Given material:

== Segment start ==

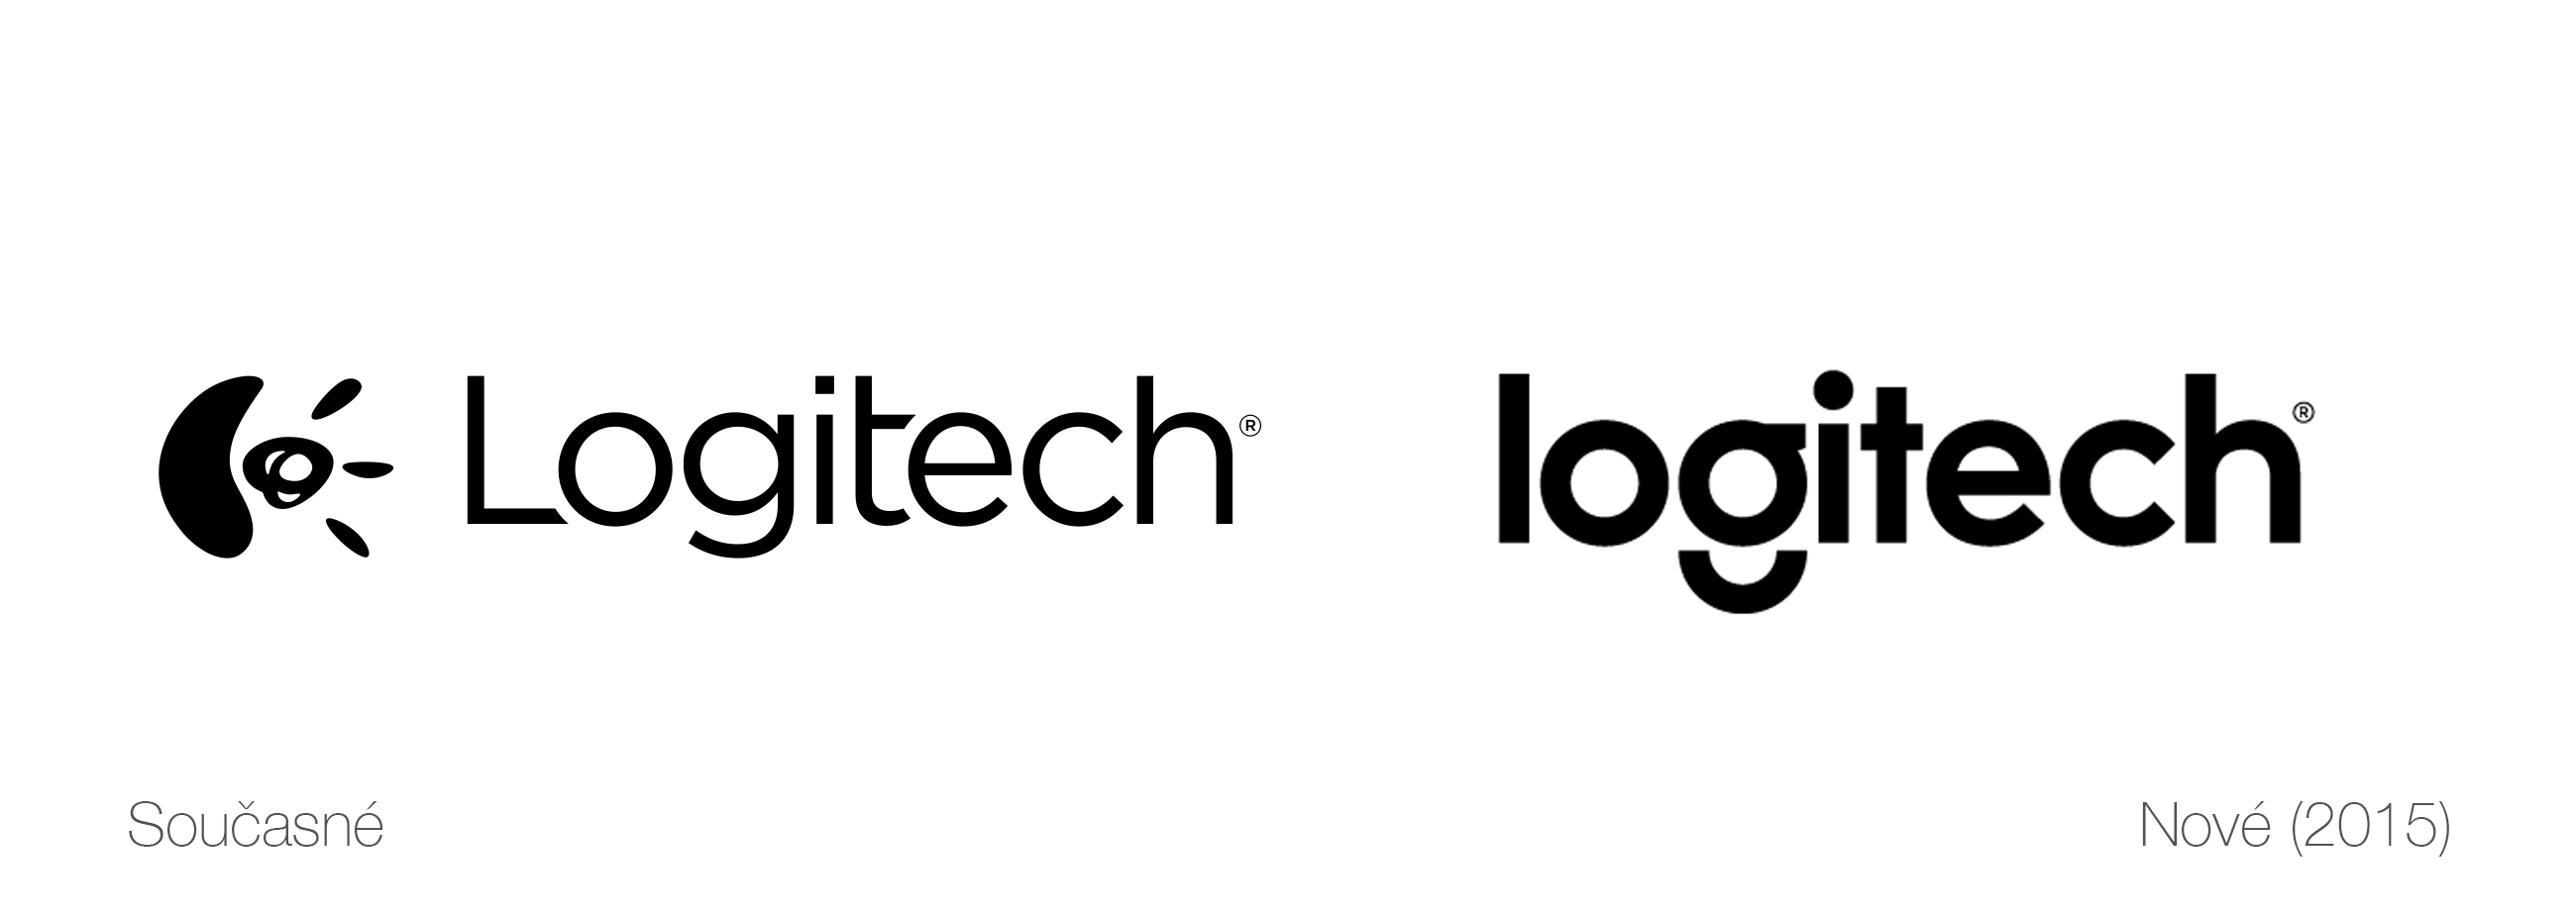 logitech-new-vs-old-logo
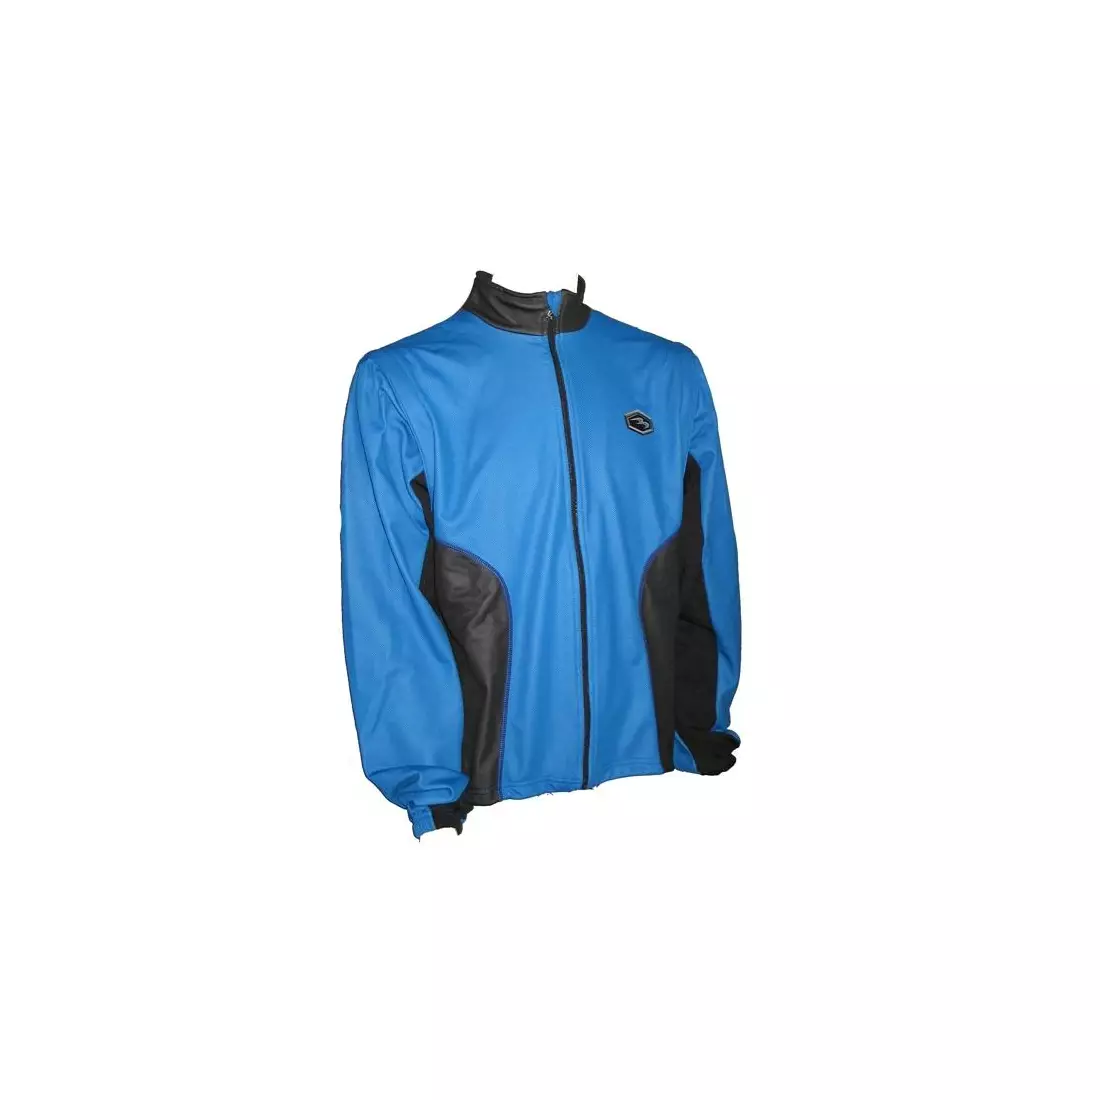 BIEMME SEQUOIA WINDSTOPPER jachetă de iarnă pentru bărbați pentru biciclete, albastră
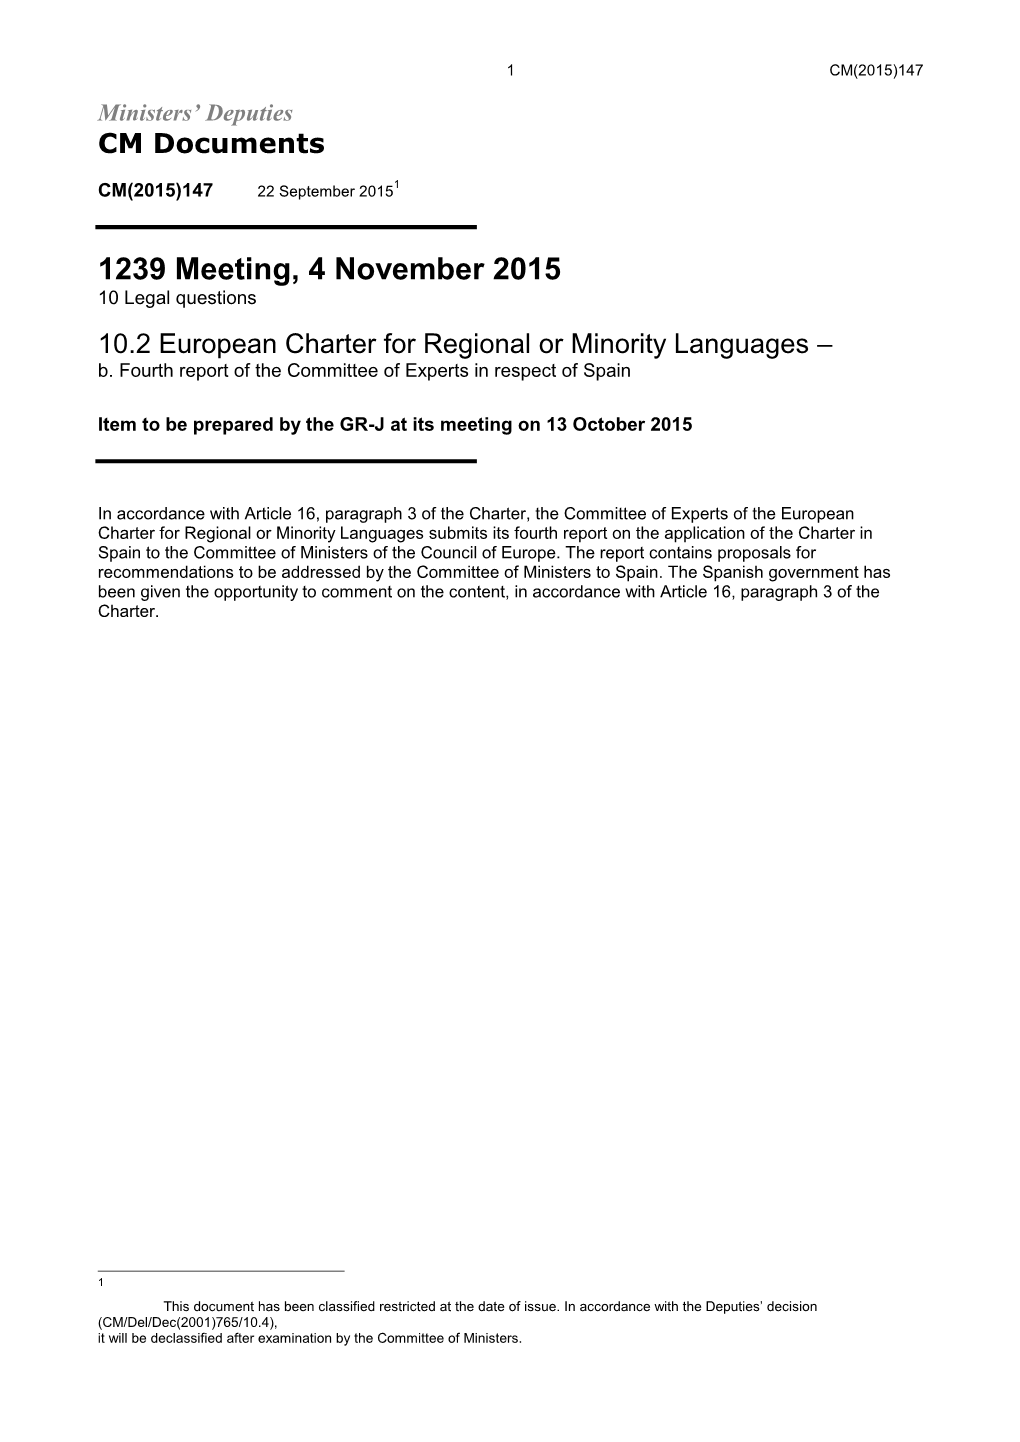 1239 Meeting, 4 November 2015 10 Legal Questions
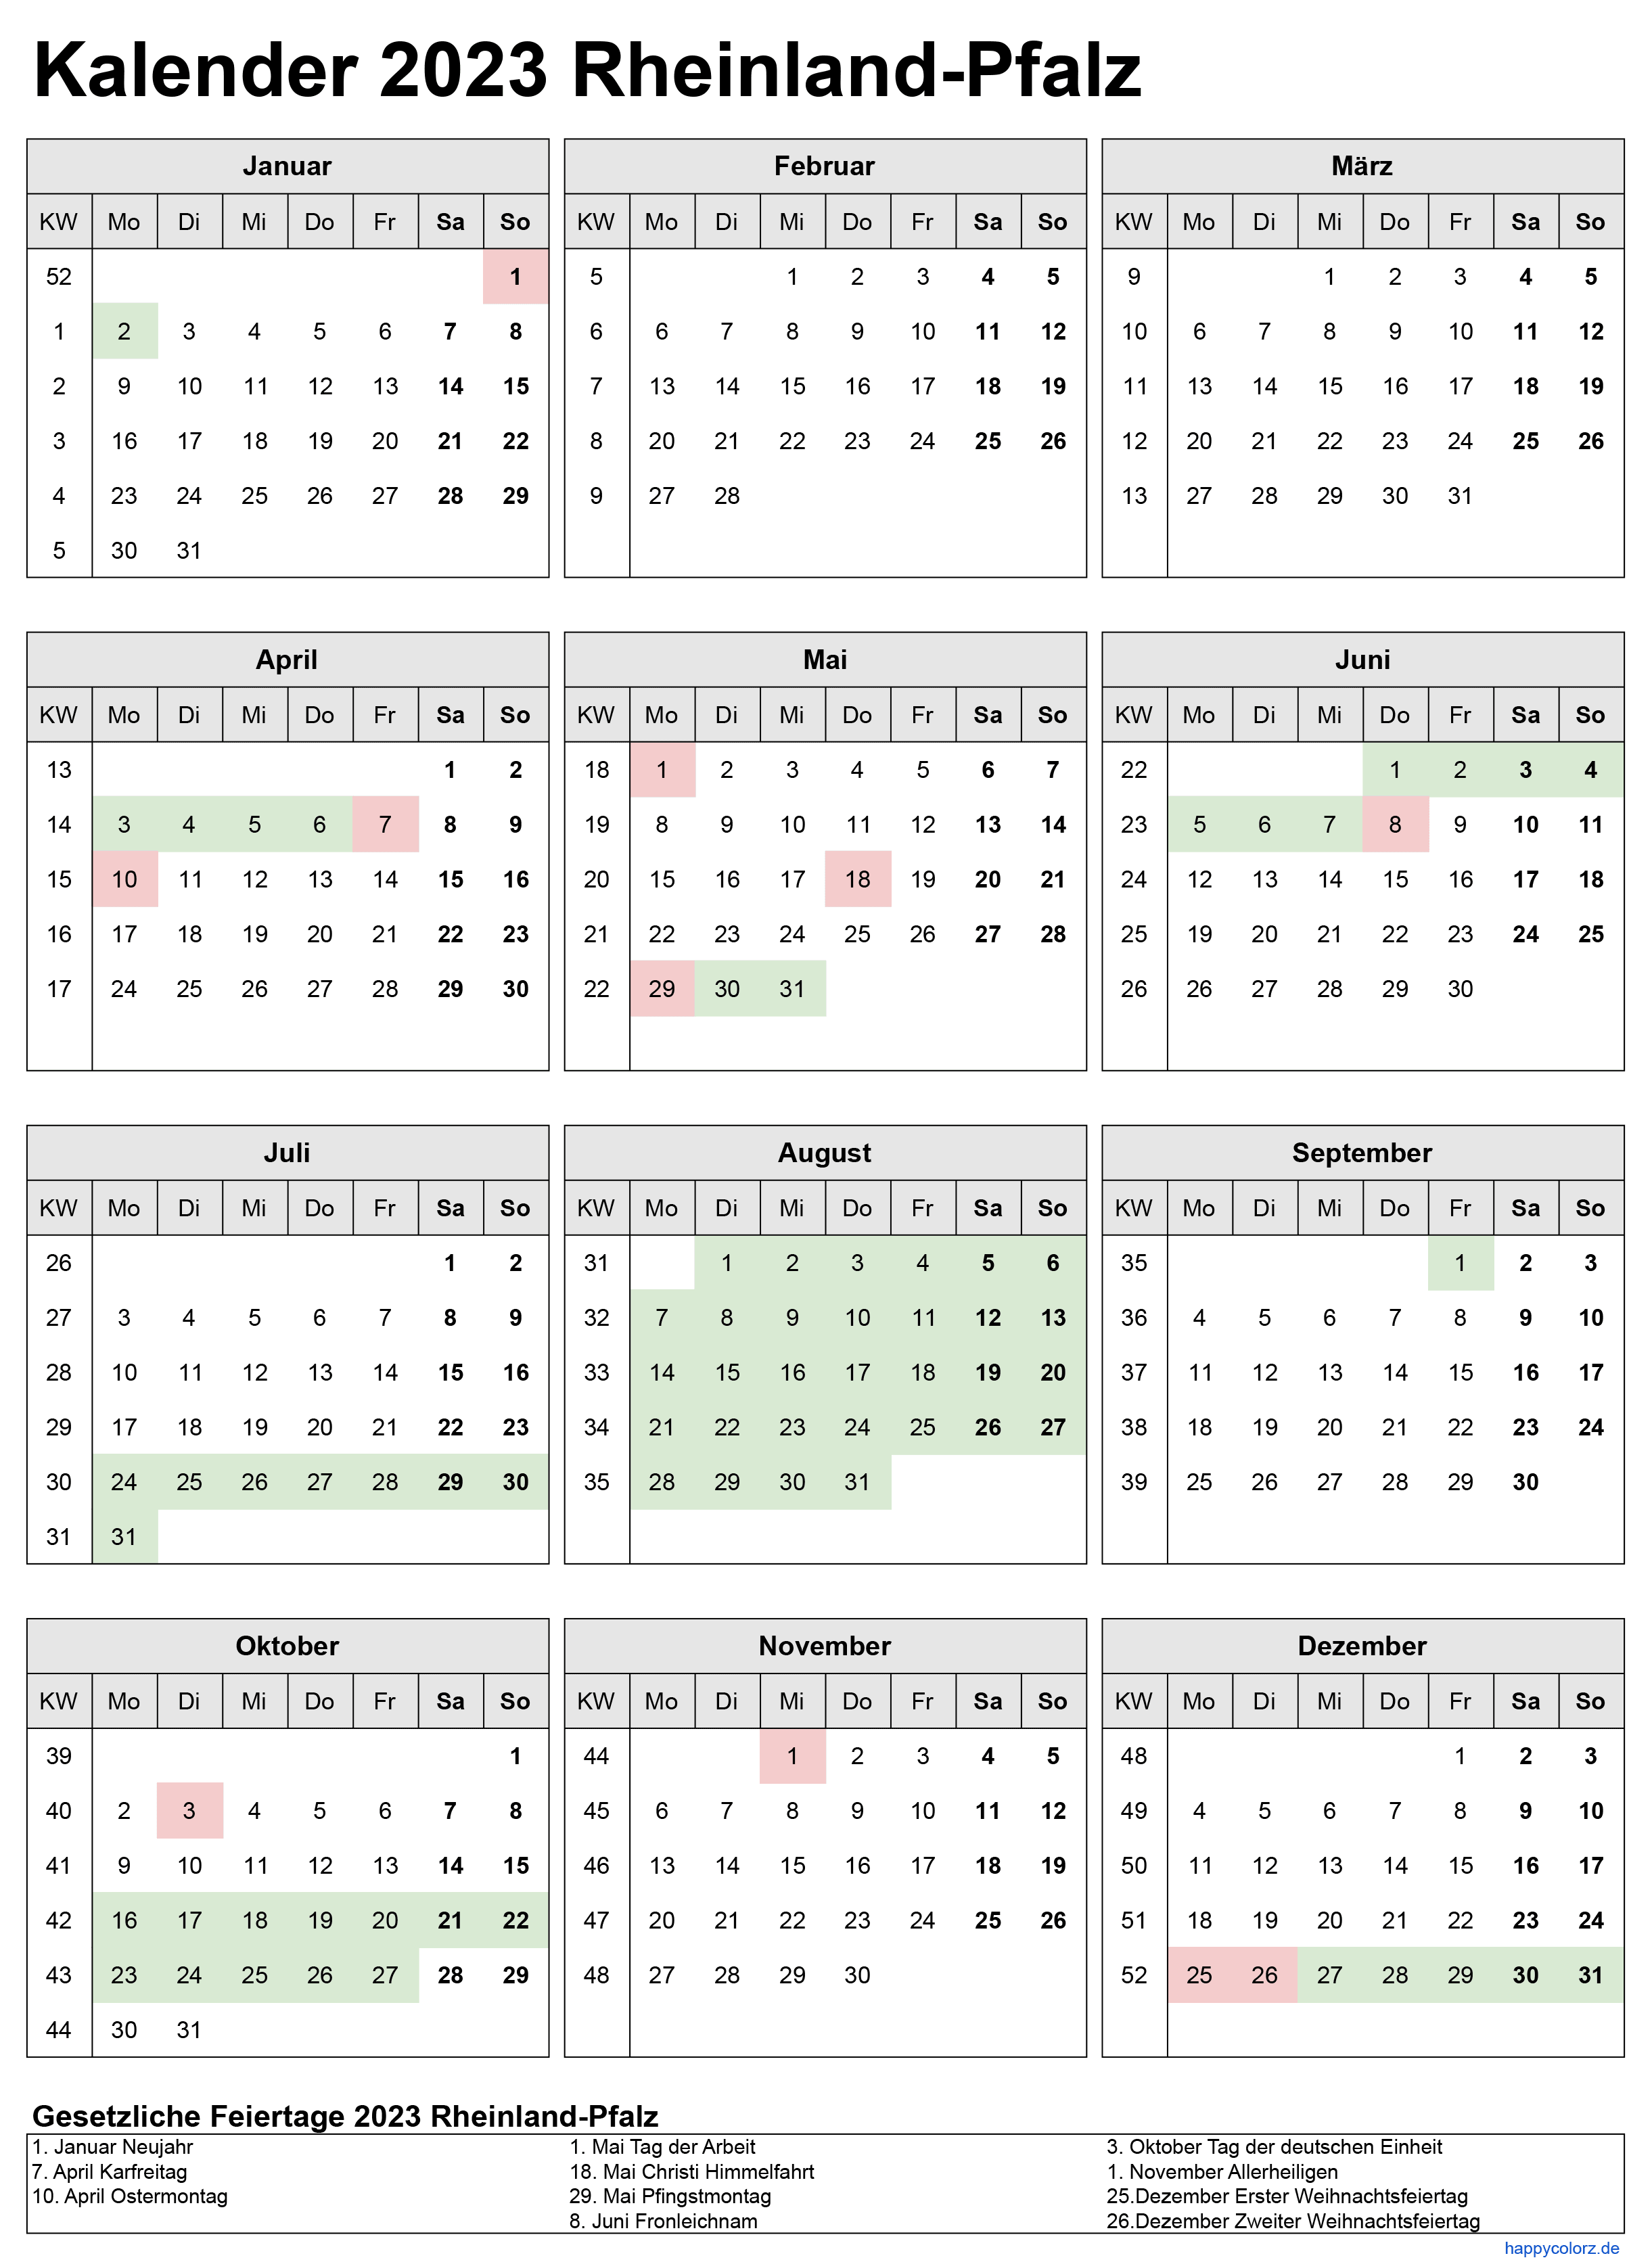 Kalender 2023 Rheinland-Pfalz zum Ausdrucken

== Segment end ==

Work order: Would you output, word for word, only the lines running from the line with "BIEMME SEQUOIA WINDSTOPPER" to the end of the listing above, both ends included, with no pictures?

Problem solution:
 BIEMME SEQUOIA WINDSTOPPER jachetă de iarnă pentru bărbați pentru biciclete, albastră
 1239 Meeting, 4 November 2015 10 Legal Questions
 Kalender 2023 Rheinland-Pfalz zum Ausdrucken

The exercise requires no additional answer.